The other ladies pulled back their hoods, one at a time. Then I saw, they were all Belle. The first one was Belle when we got married. Young. We were kids. Didn’t know nothing. The second one was Belle older, like when she used to sit on the grass all the time. The third lady was Belle just before she died. Those deep eyes. Understanding everything.
Kate brought the bristles close to me.
Their tips brushed against my clothes.
I felt the sharpness of the ends on my skin. Not enough to hurt, but enough to dig out—something.
Like she was bristling away cobwebs.
Then things started getting not just dark, but cloudy. The three Belles started wavering, like they were made of watercolors. Stained air. I couldn’t see much through the haze that dropped over me.
I thought about Belle.
She used to love my brooms.
Loved to be in the shed with me. Loved the smell of the broomcorn. Liked to hold it in her hands. Laughing at the feel of it. Used to say how much she admired me for making brooms. For making witches feel at home in the world.
I’d never thought about it before. Figured it was one of Belle’s jokes.
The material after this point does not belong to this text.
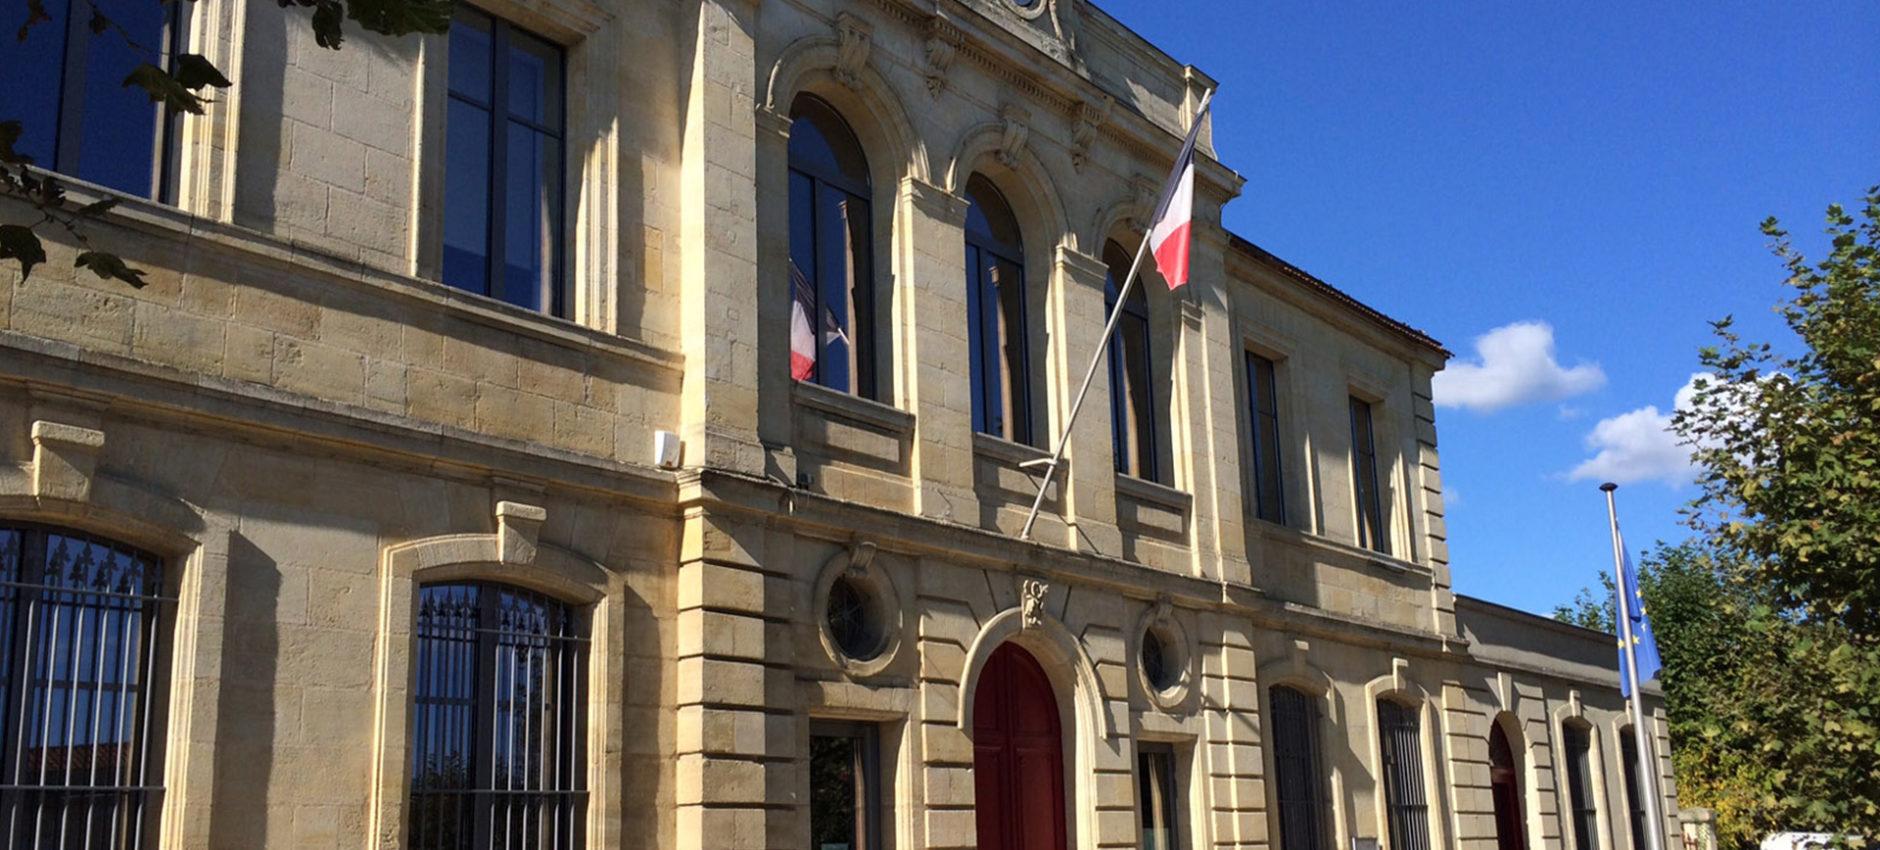 boca_architecture_projet_mairie_beautiran_01.jpg
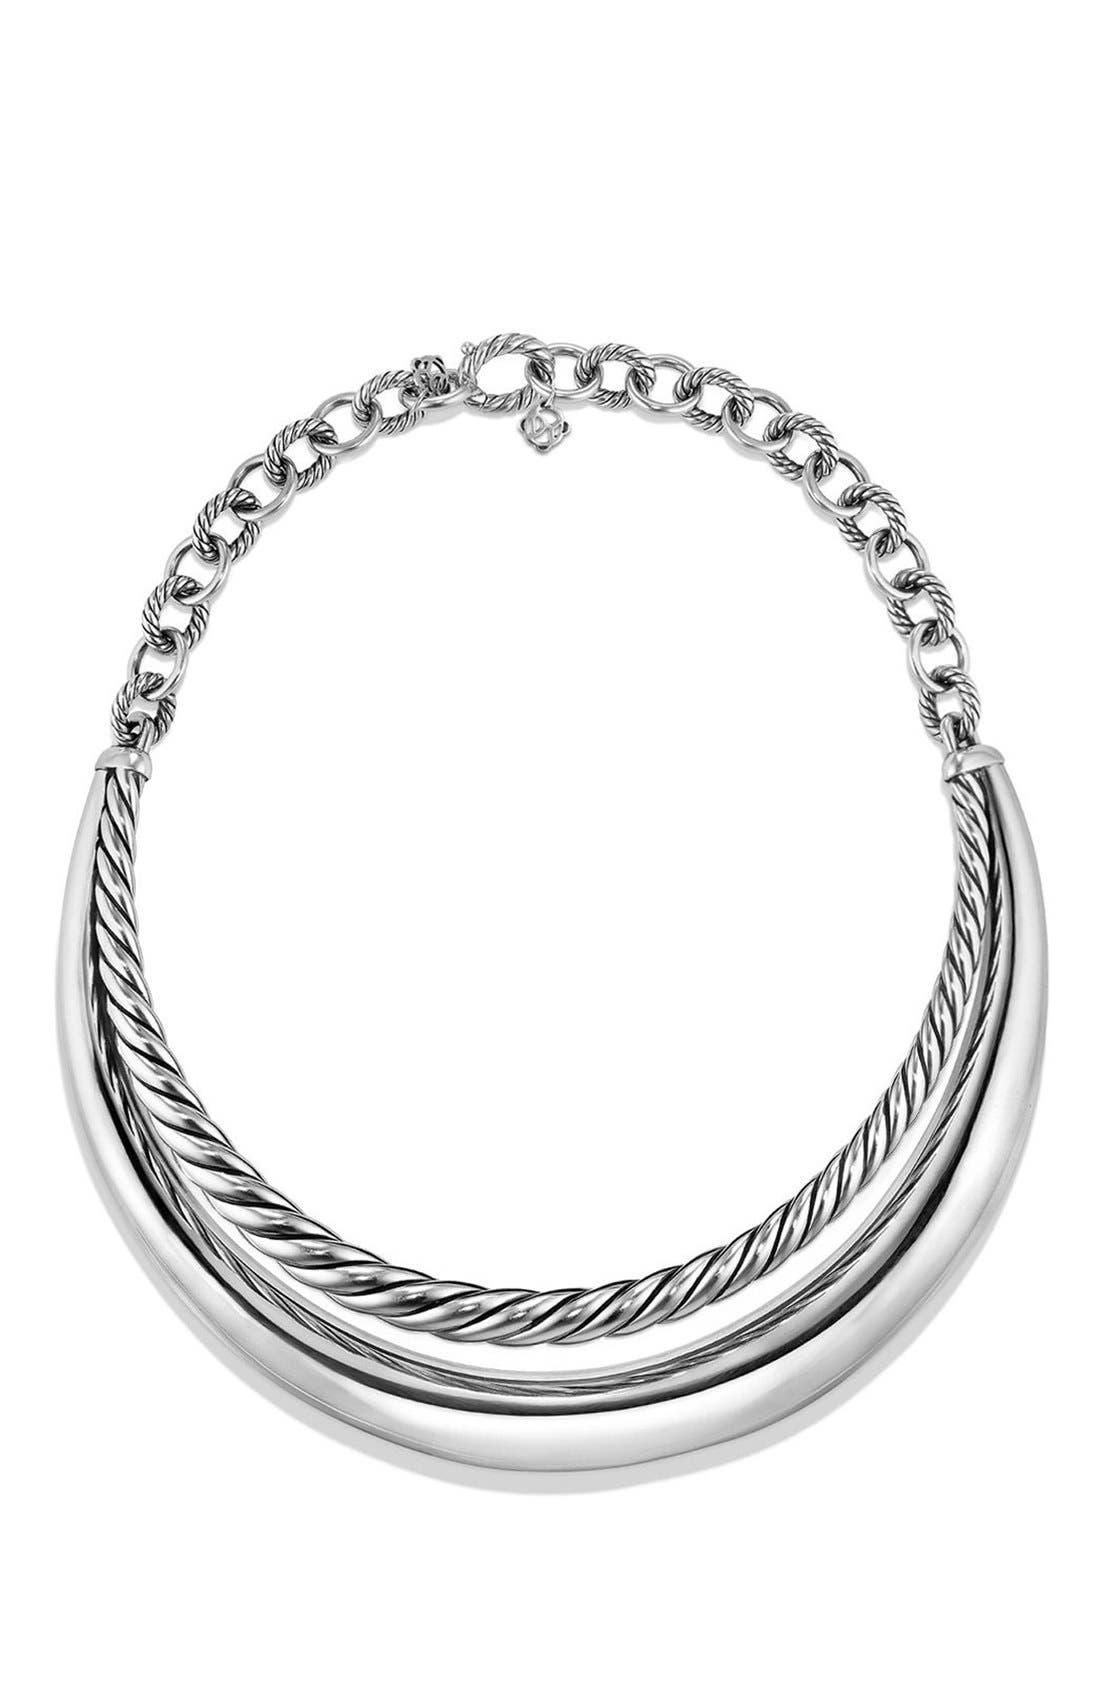 Pure Form Collar Necklace,                         Main,                         color, Silver

Where was she? What world?
Just before everything went completely dark, I thought I felt her. All around me.
Then nowhere.
* * * *
“Hey.”
Familiar voice. I knew who that was.
“Hey, Dwayne? What you doing here?”
I looked up at the sky. It was blocked by Harold, the sheriff. Half of Grangeville’s law enforcement department. A halo glowed around him. Morning light.
“Uh,” I said.
“You been out here all night, Dwayne?”
I sat up. My head felt thick, like it had been pumped full of dough.
“I guess so.”
“You okay?”
I looked around. No sign of Kate or Belle. I stood and examined the ground, walking all over the top of the hill. Harold watched me with narrow eyes. Real suspicious like.
Absolutely no sign of a recent fire. Not one from last night at least.
“Just out for a walk, Dwayne?” said Harold. “Is that it?”
Over there, just past the rise. Was it?
I walked briskly toward the crooked stick.
The broom.
I picked it up and hefted it in my hands.
Harold was right next to me. “That what you were looking for?” he said. “This broom?”
“Yeah,” I said.
“Not one of your better ones,” said Harold.
I looked around the world. Grangeville spread out below me. A new day coming up.
My house was down there a bit. I could see the roof.
And I knew there was no one in it.
Not me or Belle.
“What would you say,” I asked Harold, “if I told you this was the best broom I’ve ever made in my life?”
Harold took off his hat and scratched his head.
“Well. Dwayne. I’d have to say you were a little nuts in the head. Like maybe you went off your rocker just a little bit.”
“Yes,” I said. “I think you’re right, Harold. Just a little bit.”